COVID-19 fatalities continued to mount in Los Angeles County Thursday, with the cumulative death toll crossing the 16,000 mark as the region experiences the inevitable end result of a surge in infections that continues to fill hospital intensive-care units.
Health officials have warned that the death toll will likely rise sharply for the rest of the month, even as case numbers and hospital admissions continue to fall. Deaths are considered a lagging indicator, meaning they naturally follow increases in hospitalizations, and early January saw daily hospital populations top 8,000.
The county reported another 213 deaths on Thursday, although 18 of those fatalities were actually announced Wednesday by health officials in Long Beach and Pasadena. The new deaths pushed the overall death toll to 16,107.
The Department of Public Health also announced another 6,592 new COVID-19 infections, while Long Beach added 414 and Pasadena 56, increasing the overall number since the pandemic began to 1,098,411.
Daily infection numbers have been trending downward over the past two weeks, following a surge that saw the county regularly reporting well over 10,000 cases.
Even better news is the continuing downward trend in hospitalization numbers. According to state figures, there were 5,855 people hospitalized due to COVID-19 in the county as of Thursday, including 1,503 in intensive care. That marks a dramatic drop from the 8,000-plus patients reported earlier in January.
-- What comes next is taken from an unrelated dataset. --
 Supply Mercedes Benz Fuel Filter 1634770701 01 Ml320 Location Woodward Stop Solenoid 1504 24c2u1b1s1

But while the numbers have improved, they still remain dramatically high. Dr. Christina Ghaly, the county's health services director, noted this week that while new COVID-19 hospital admissions have dropped to about 500 per day from the recent high of about 700 per day, the current rate is still double that seen in the virus surge that occurred last summer.
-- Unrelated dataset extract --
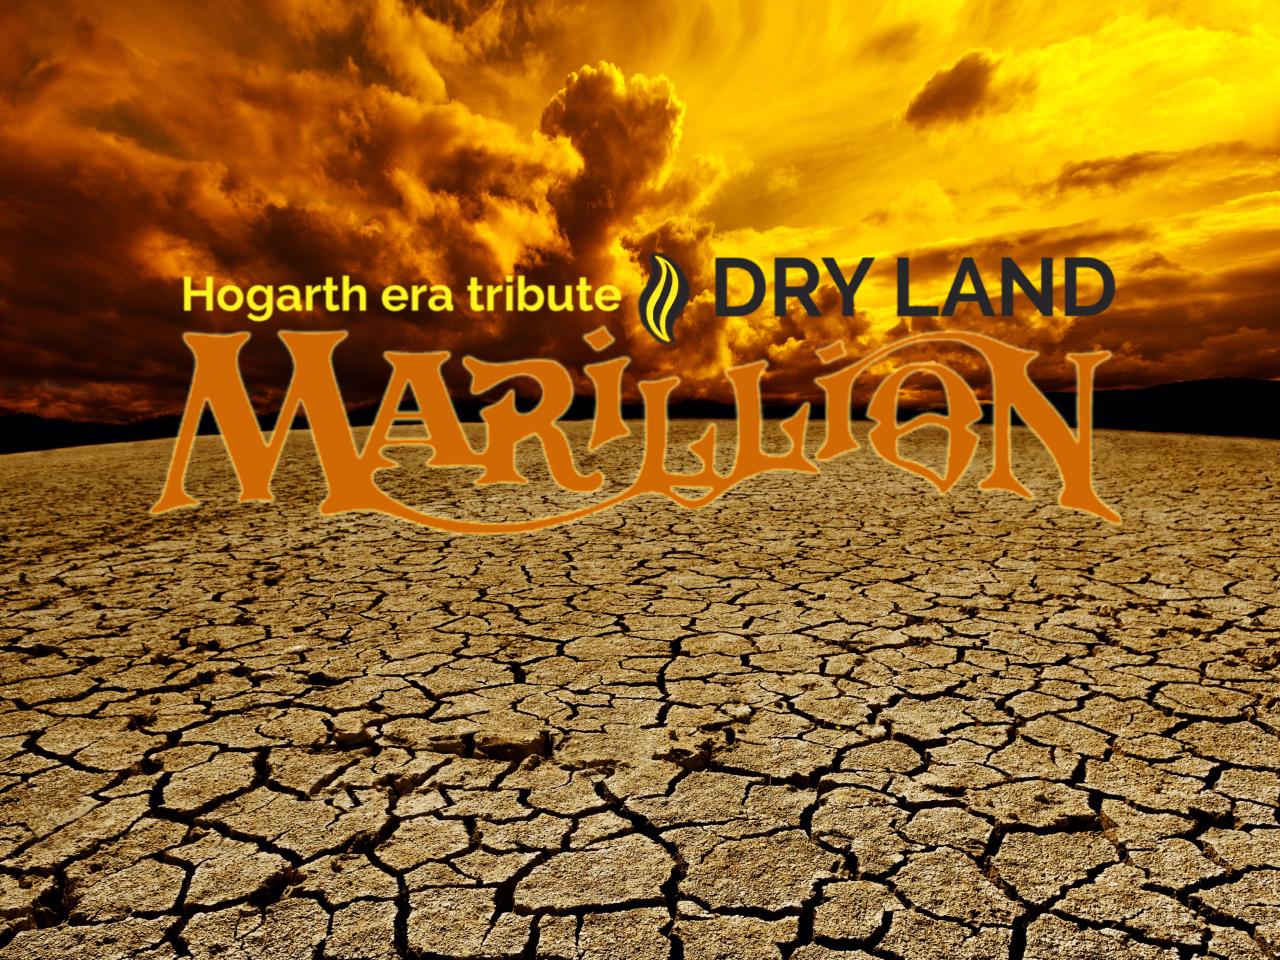 Dry land Marillion Tribute

With numbers trending downward, the state this week lifted a regional stay-at-home order, allowing businesses such as barbershops and nail salons to reopen with limited capacity. Los Angeles County will allow restaurants to resume outdoor dining beginning Friday, albeit with strict infection-control requirements.
Full details of those requirements weren't immediately made public, but will be included in a revised county Health Officer Order expected to be released either Thursday night or Friday morning.
The county previously limited restaurants to 50% of their outdoor capacity, while requiring servers to wear masks and face shields, and mandating that tables be adequately spaced to ensure social distancing. The city of Long Beach health department has already cleared outdoor dining to resume with similar restrictions, along with a recommendation that only members of the same household dine out together.
The Public Health Director on Thursday reiterated her call for residents and business owners to strictly adhere to all infection-control measures, particularly as more businesses open and more people interact in public.
“To continue to drive down transmission, we all must commit to taking the actions that work to slow COVID-19 spread,” Ferrer said in a statement. “When more sectors re-open the risk of COVID-19 transmission increases, because people are interacting more with non-household members. In order to avoid re-openings resulting in increases in cases, businesses and individuals need to be more diligent, not less, in following public health measures.”
“We have a way to go before our hospitals are not stressed and fewer people die each day. Staying on a recovery journey is only possible if we all play by the rules,” she said.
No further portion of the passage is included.